Volume 25 • Number 1

Fall 2005



 

Refashioning Ethnicity in Czech-Moravian Texas

KEVIN HANNAN

THIS STUDY OUTLINES CHANGE in the structure of ethnic culture in a Texas community, with emphasis on the determinant role of language. The Texas Czech-Moravians were distinct among Czech communities in America in that neither numerically nor culturally did they represent an immigrant microcosm of the Czech Lands. Some eighty percent of Czech- Moravian immigrants in Texas were natives of the highlands of northeastern Moravia adjacent to Slovak and Polish territory. Bohemia and Austrian Silesia with Moravia form the historical lands of the Czech Kingdom, which during the centuries preceding the creation of Czechoslovakia in 1918 were under Austrian rule. The traditional culture, religious traditions, and spoken language distinguished the highlands of northeastern Moravia from the other Czech Lands to the west. The homeland ethnicity has been described in Texas in various ways: Czech, Czecho-Slavic, Czecho-Slovak, Czech-Moravian, Moravian, Bohemian, and Slavic. Each of those names relates to a specific historical period and to distinct political, cultural, and social influences.
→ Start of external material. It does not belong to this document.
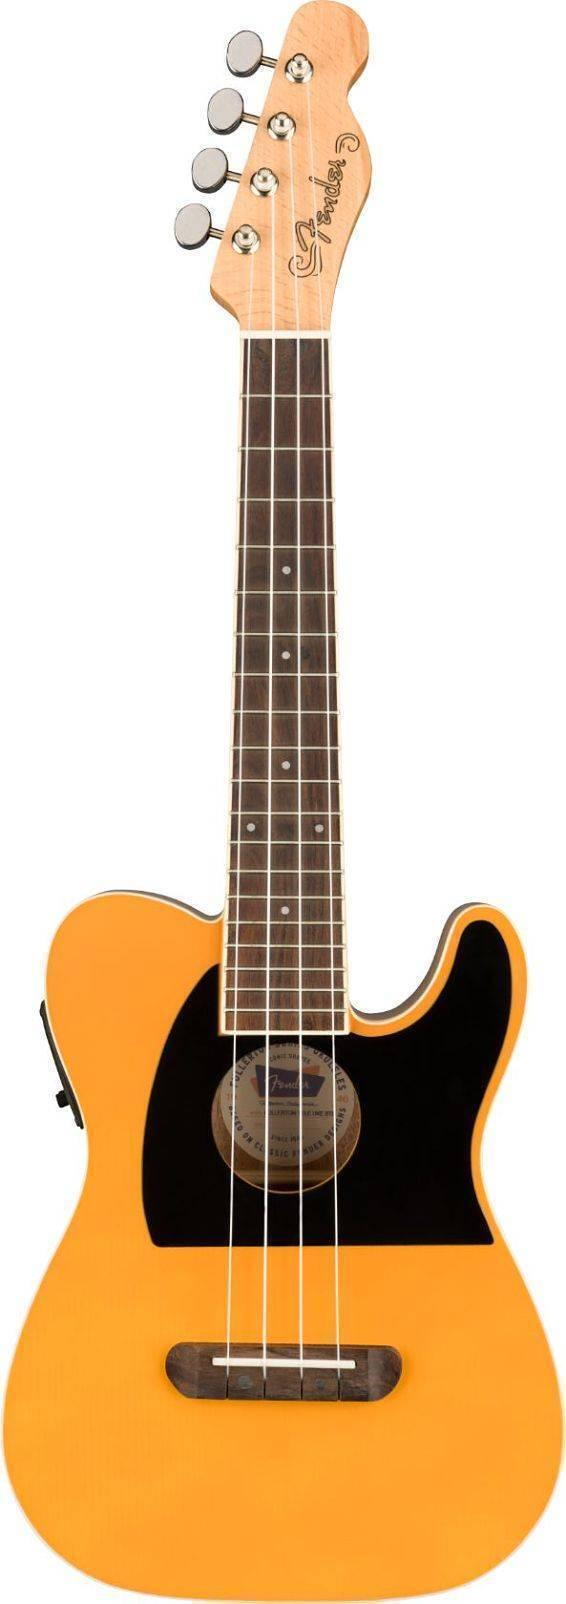 Ukulele Fender Telecaster Fullerton
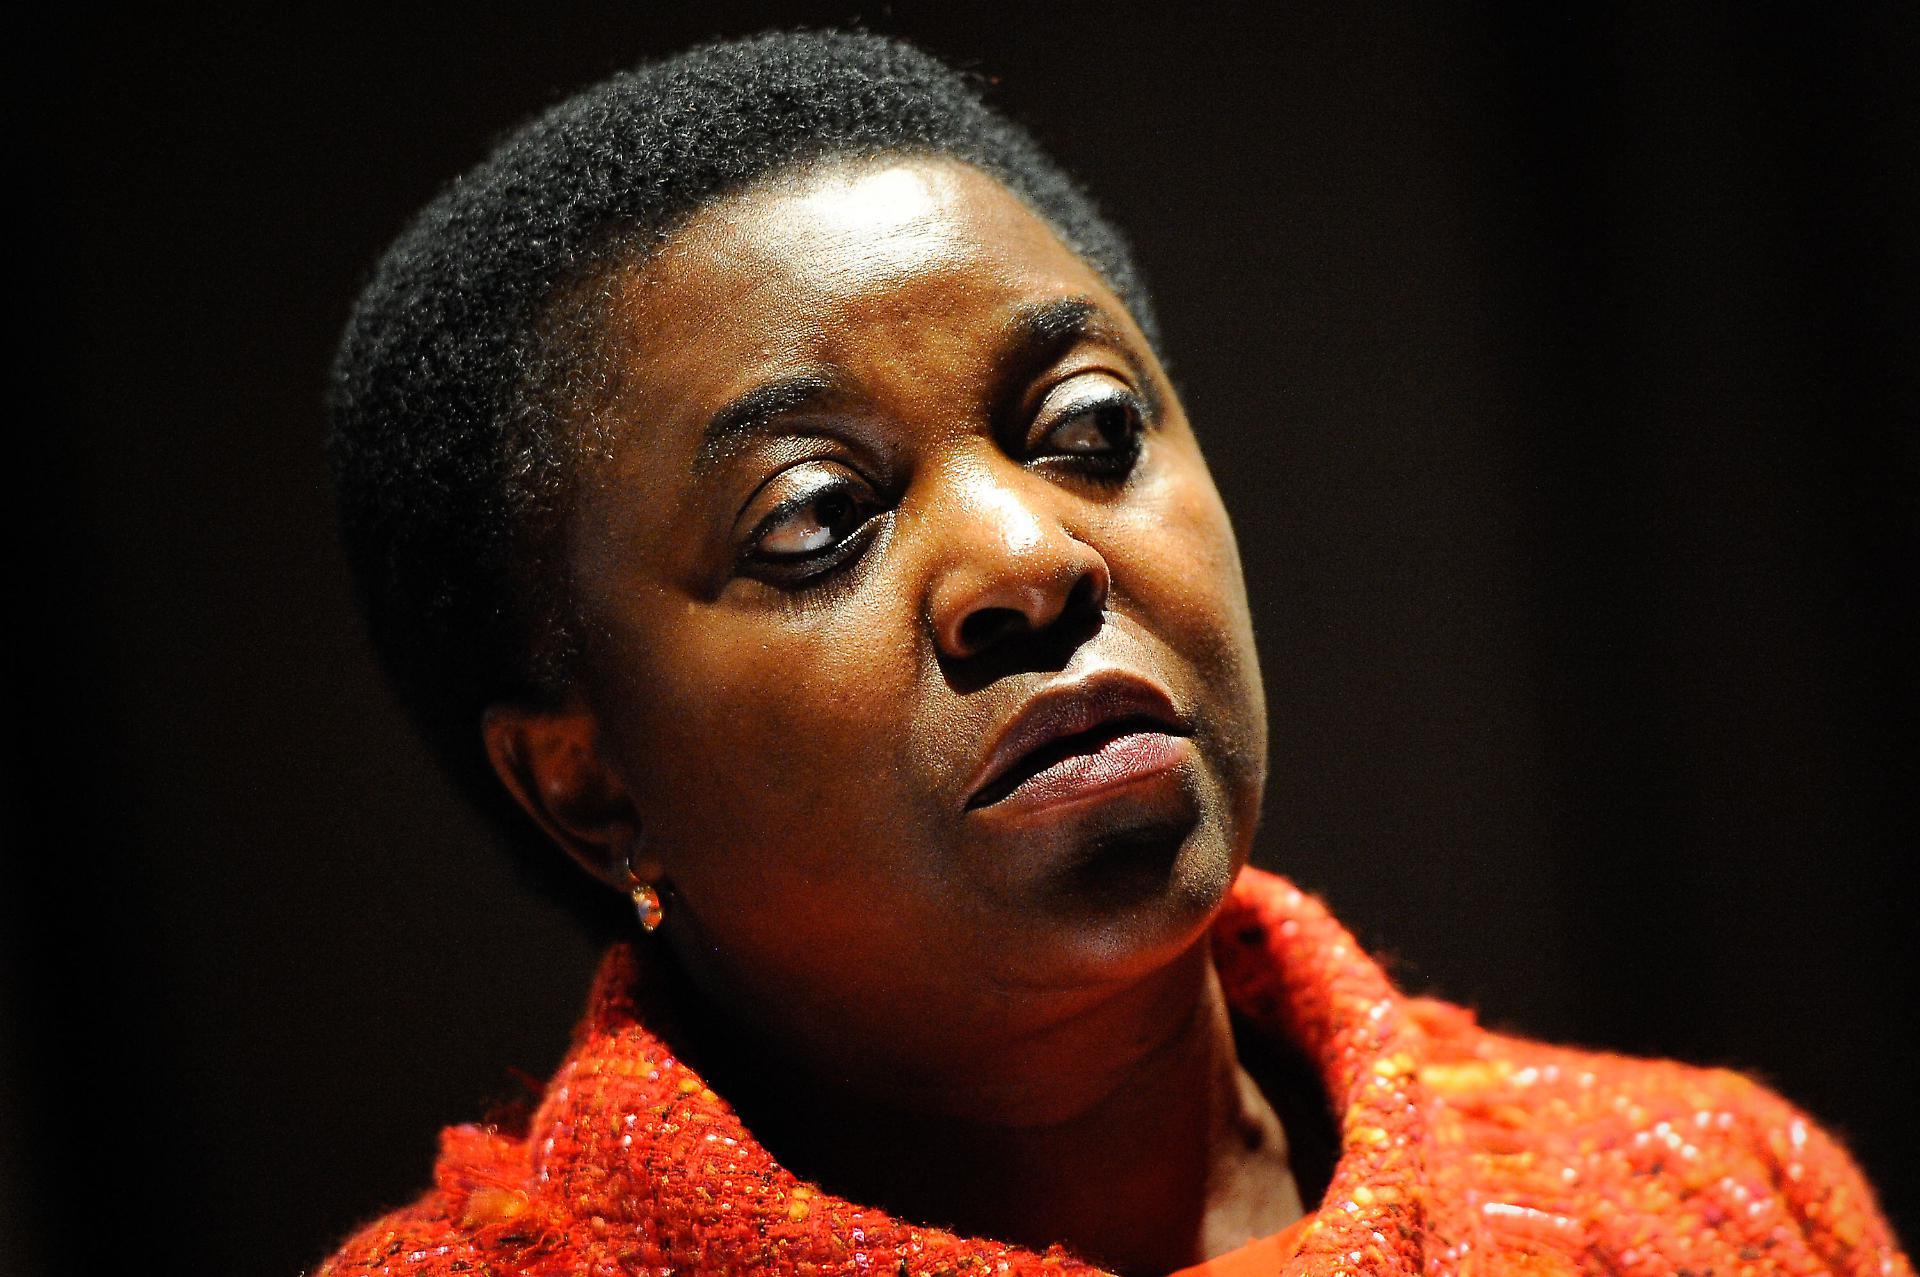 """Filippo Facci: """"Kyenge fonda un partito solo per gli africani. Ma nessuno dice che è razzismo"""""""

Identity had been shaped by the loss of Czech independence over the centuries, as the Czech Kingdom came under Austrian rule, by historical religious struggles, and by the emigration or assimilation of the native Slav nobility. More recently, popular perceptions of identity shifted with the creation of Czechoslovakia, the Second World War, the modification of political borders in 1945, the establishment of the pro-Soviet communist government, and the events of 1993 that resulted in the breakup of Czechoslovakia and the establishment of the Czech Republic.